Packing for Hawaii is easy — shorts, T-shirts, sandals, and hiking shoes. The toughest question was “what camera do I bring?” The easiest way to answer this question is to ask yourself, is this trip a vacation or a photo safari? If the answer is vacation, I’ll leave the camera bag at home and travel with a point and shoot. I carried a Panasonic LX1 in a small case on my belt wherever I went last week.The slightly panoramic 16:9 format proved to be an excellent choice for a tropical destination. There are plenty of reviews of the LX1, Panasonic LX2, and overpriced rebadged Leica equivalents online, but let me just say that shooting with a small, lightweight camera that has aperture priority, manual exposure mode, image stabilization, and shoots RAW files is a pleasure.

I wouldn’t have made the windmill image above if I had a typical dSLR kit on my back. The windmills are visible from the road below, but hiking up to them is a challenge. The somewhat steep and rocky Lahaina Pali Trail gets you a glimpse after about 2.25 miles and 1600 feet of elevation gain. To get closer, keep going up a steep jeep service road another 20 minutes or so. The sun was setting behind the windmills, which required either shooting into the sun, or waiting for it to disappear behind the ridge.

Of course waiting for the sun to get lower meant a very short window of twilight to descend the rocky trail back to the car. We were able to descend the rocky section just as it became dark, and walk the final 0.6 miles on a flat path back to the car. Packing light was the key to moving quickly enough to make it down before dark. Of course a digital SLR with one lens doesn’t weigh that much, but which lens? And should I bring the flash? And the macro lens? Tripod?

The LX1 weighs just over 7 ounces. I also carried a Holga, which weighs another 7 ounces. Add a spare roll of film, and I’m still under 1 pound total for photo gear.

Some other reasons you might want to leave the dSLR at home when vacationing:

  • Your partner will be happier if you’re not spending the morning polishing lenses and cleaning your sensor
  • More people photography opportunities may open up for you with a small camera
  • Your shoulders and back will thank you

Besides a camera, there is another crucial item for a visit to Maui — Maui Revealed. This guide book is so good, many locals have a copy. I’ve visited Maui 8 times since 1995 when a close friend moved there. I’ve continued to find some great spots and off the beaten path adventures thanks to this book. Best 10 bucks you can spend, besides sunscreen.

3 thoughts on “Vacation or photo trip?”

  1. I strongly agree with two of your points…

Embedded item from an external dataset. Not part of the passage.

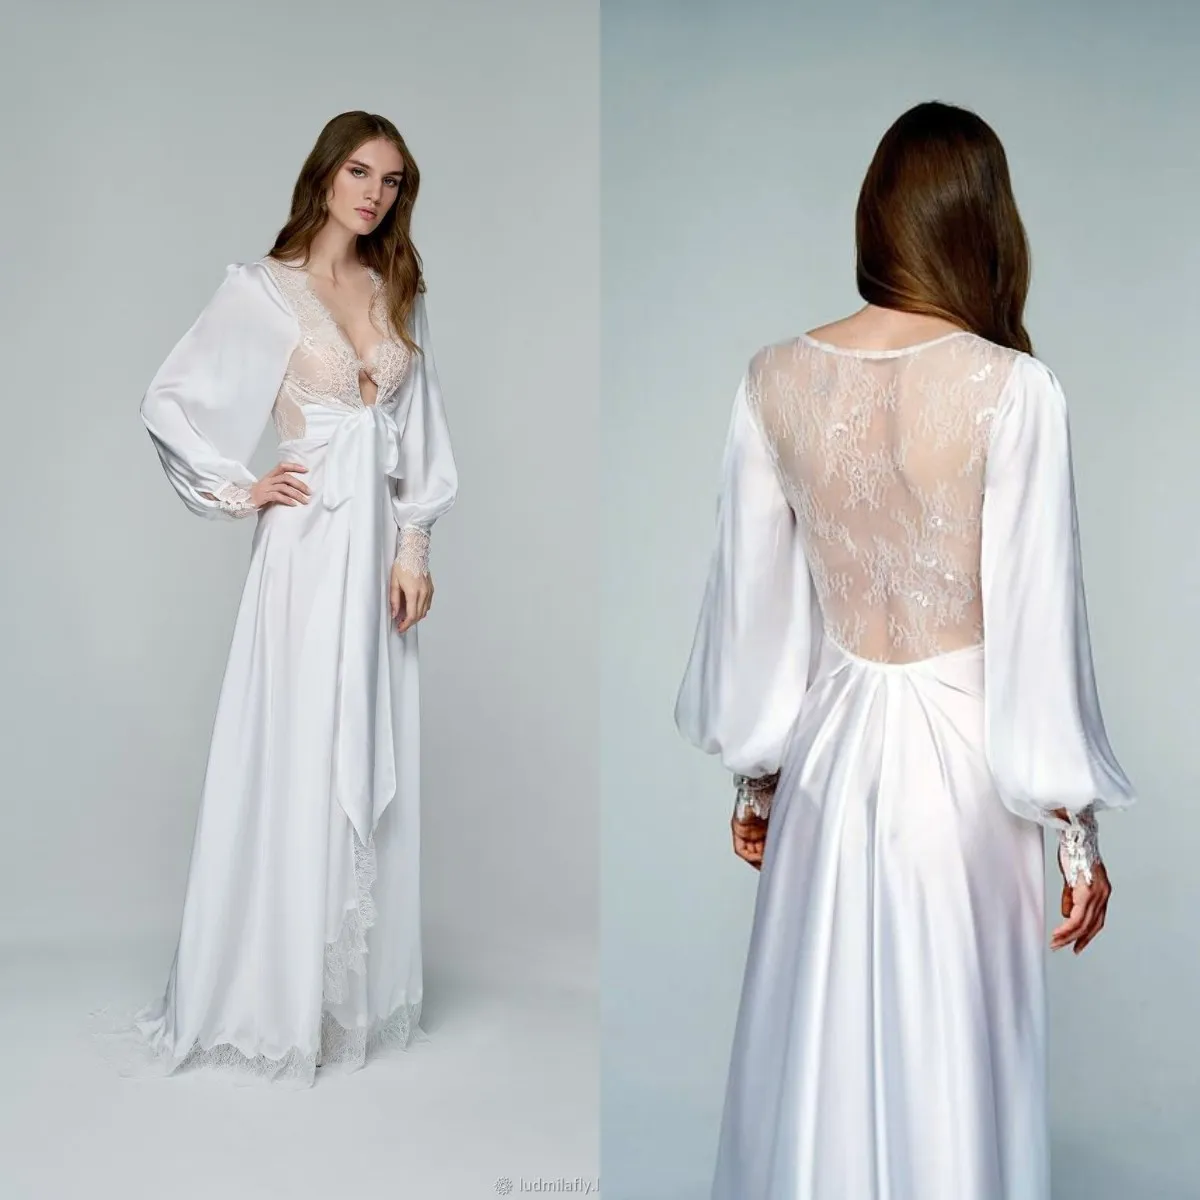 Hoge kwaliteit zijde satijn prom jurken kant rand vrouwen illusie avondjurk fotoshoot jurken lange gewaden op maat gemaakt

    Since I bought a P&S over a year ago, I’ve probably taken just as many shots with the P&S as I have with my dSLR. IMHO, for photographing kids, and for street photography, a dSLR just can’t compete with a good P&S. And a P&S can’t compete with a dSLR for night photography. The trick is to carry the right camera for the right job.

    As for Maui-Revealed, I can vouch for the entire series (Oahu Revealed, Maui Revealed, Kauai Revealed and Big Island Revealed). The make the rest of the tour books look like a joke, by comparison. I wish I had known about Oahu Revealed when I went there two years ago. And they’re not only informative. They’re actually funny. You can crack them open and read them to kill time while you’re waiting for your loved one to get out of the shops.

    Andy Frazer

  2. Looks like you had a great time in Maui! I wish I could have helped you more with locations, but I was at a loss. If you ever end up in Kauai, though, I have a few locations for you to check out, as well as O’ahu.

    Going to HP tonight. Wish me luck

  3. Good point Joe. So long as you can capture RAW for post-processing flexibility, you lose little going light, and you end up shooting a lot more, including being less intrusive in candid scenes.

    I only wish the Lumix had a good optical viewfinder: I find that using the screen to frame a scene put too much separation between eye and scene, practically and psychologically. Not to mention the loss of stability created by an arms length position, magnified by the small camera weight to offset the shutter pressure.

    Then again, there are situations and situations. As Andy says, to each job its tool.